Tuesday, December 2, 2014

Alexanderwohl?

Some 7 miles north and slightly east of Kleefeld and Alexanderkrone, two villages known to have housed Bullers in Molotschna, lies the older village of Alexanderwohl, which turns out to be as good a candidate as any for the first Molotschna home of our forebears. All we have for the moment are hints and suggestions, but taken together they make a plausible case that, before Kleefeld and before Alexanderkrone, our family lived alongside other Bullers in Alexanderwohl.


1. According to Helmut Huebert, the village Alexanderwohl was founded in 1821 by twenty-two families who migrated to Russia under the leadership of Elder Peter Wedel; this first group was followed by seven additional families in 1823 and one more in 1824 (2003, 107). (For a full map of Molotschna colony, see here.)

2. Huebert adds that all thirty Alexanderwohl families “came from Przekhovka in the Swetz area of the Marienwerder area of West Prussia” (2003, 107–8).

3. We know a bit about the Przechovka group, because the church register started in the late 1700s was first taken to Russia in 1821 and then later to Kansas when the entire Alexanderwohl congregation emigrated there in 1874. It still exists today, and pages from it can be viewed freely online courtesy of the Mennonite Library and Archives of Bethel College, North Newton, Kansas (see here).

4. The church register bears the title Die Erste Stamm Nahmen Unserer Bisher so genante Oude Vlamingen oder Groningersche Mennonisten Societaet alhier in Preusen, which translates roughly: The First Branch of Our Names Thus Far of the So-Called Old Flemish or Groningen Mennonite Group/Society Locally in Prussia (see the photograph on the right).

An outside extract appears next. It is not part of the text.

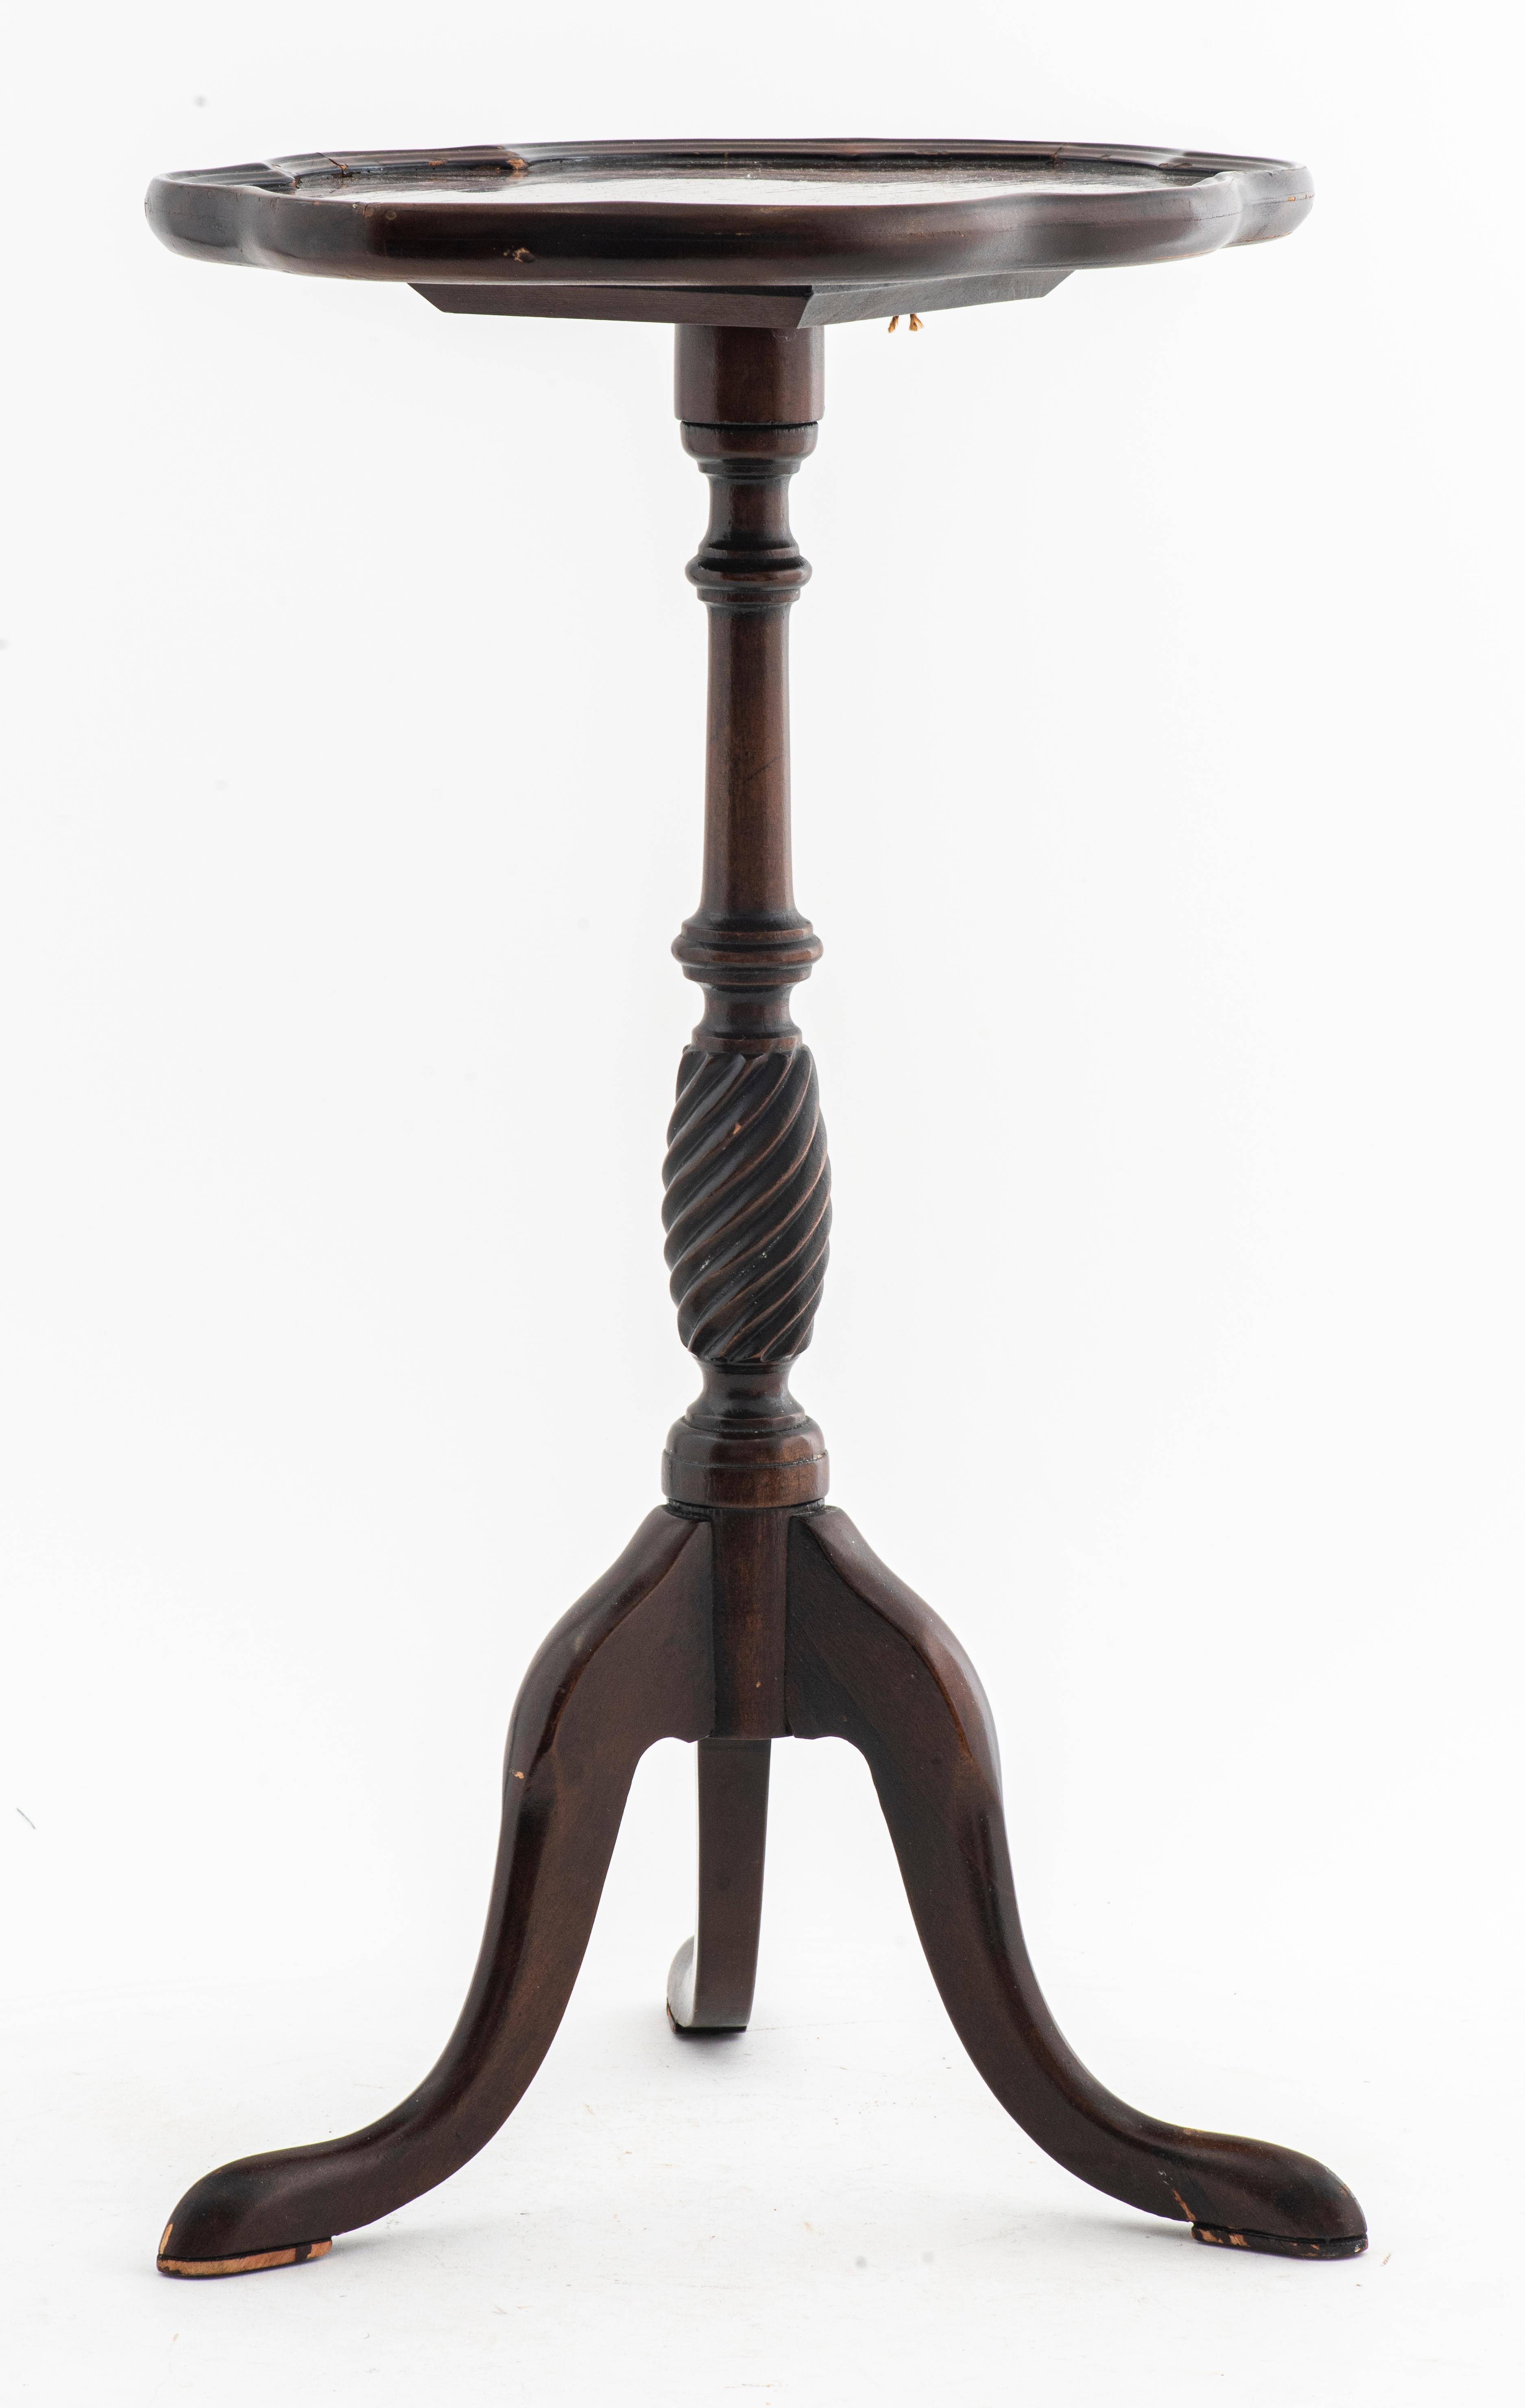 Carved Brandt Queen Anne Manner Diminutive Side Table

5. What is most important for our purposes is that the church register then provides a list of surnames that are common throughout the history of this church: Becker, Buller, Cornels, Decker, Dirks, Funck, Jantz, Isaak, Koehn, Nachtigahl, Pankratz, Penner, Ratzlaff, Richert, Schellenberger, Wedel, Frey, Schmidt, Sperling, Unrau, and Voth (see further Krahn and Penner 2011). Thus, the full title page consists of the actual title and the first two family names to be discussed, as shown in the full-page photograph and the detail of the bottom of the title page below.


Title page of the Przekhorka church register, written sometime in the late 1700s.


The Buller summary paragraph in the Przekhorka church register.

The evidence thus far: the Molotschna village of Alexanderwohl was founded by immigrants from the Mennonite church at Przechovka, Prussia, a church in which Buller was a common last name. Two additional clues remain.

6. According to the Buller Family Record, David Buller was born in Prussia on 25 November 1817 and moved with the rest of his family to Russia sometime around the ages of three to five, that is, roughly 1820–1822, which is the same time frame as the founding of Alexanderwohl.

7. The GRANDMA database adds a final piece: “His [David Buller’s] parentage is still uncertain, but certainly stems back to the Przechowka Church region.” This assertion is unsourced but presumably reflects the close association of Bullers with the Przechovka church.

Although certainty still eludes us, the pieces do fit together nicely: David Buller’s family (his parents and any siblings) emigrated from the Przechovka church region to Molotschna sometime around 1821, the same time that families from the Przechovka congregation emigrated to Molotschna and founded Alexanderwohl. It seems reasonable to conclude, based on all this, that the David Buller family first settled in Alexanderwohl, Molotschcna. Perhaps evidence confirming or contradicting this hunch exists in a long-lost letter, a family Bible, or a still-unexamined church record. All we can do is to keep looking until we unearth it.

*****

An earlier post alluded to the prominence of a certain Buller in the Alexanderwohl church: Ã„ltester (Elder) Jakob Buller. Mennonite elders were authorized “not only to preach and assume leadership in the congregation, but also to baptize, administer the Lord’s Supper, and ordain preachers and elders, and exercise discipline, which functions the common preacher could not fulfill” (Krahn and Friesen 1989). In addition to performing such duties, Jakob Buller participated in a delegation to scout out the U.S. in the early 1870s, then in 1874 led nearly five hundred members of his congregation to relocate in Newton, Kansas. There the group established a new Alexanderwohl Church, which Buller led as elder until failing health led him to give up his duties. For additional information, see the following links:


Sources

Huebert, Helmut T. 2003. Molotschna Historical Atlas. Winnepeg, MB: Springfield.

Krahn, Cornelius, and John J. Friesen. 1989. Elder (Ältester). Global Anabaptist Mennonite Encyclopedia Online.

Krahn, Cornelius, and Glenn Penner. 2011. Alexanderwohl (Molotschna Mennonite Settlement, Zaporizhia Oblast, Ukraine). Global Anabaptist Mennonite Encyclopedia Online.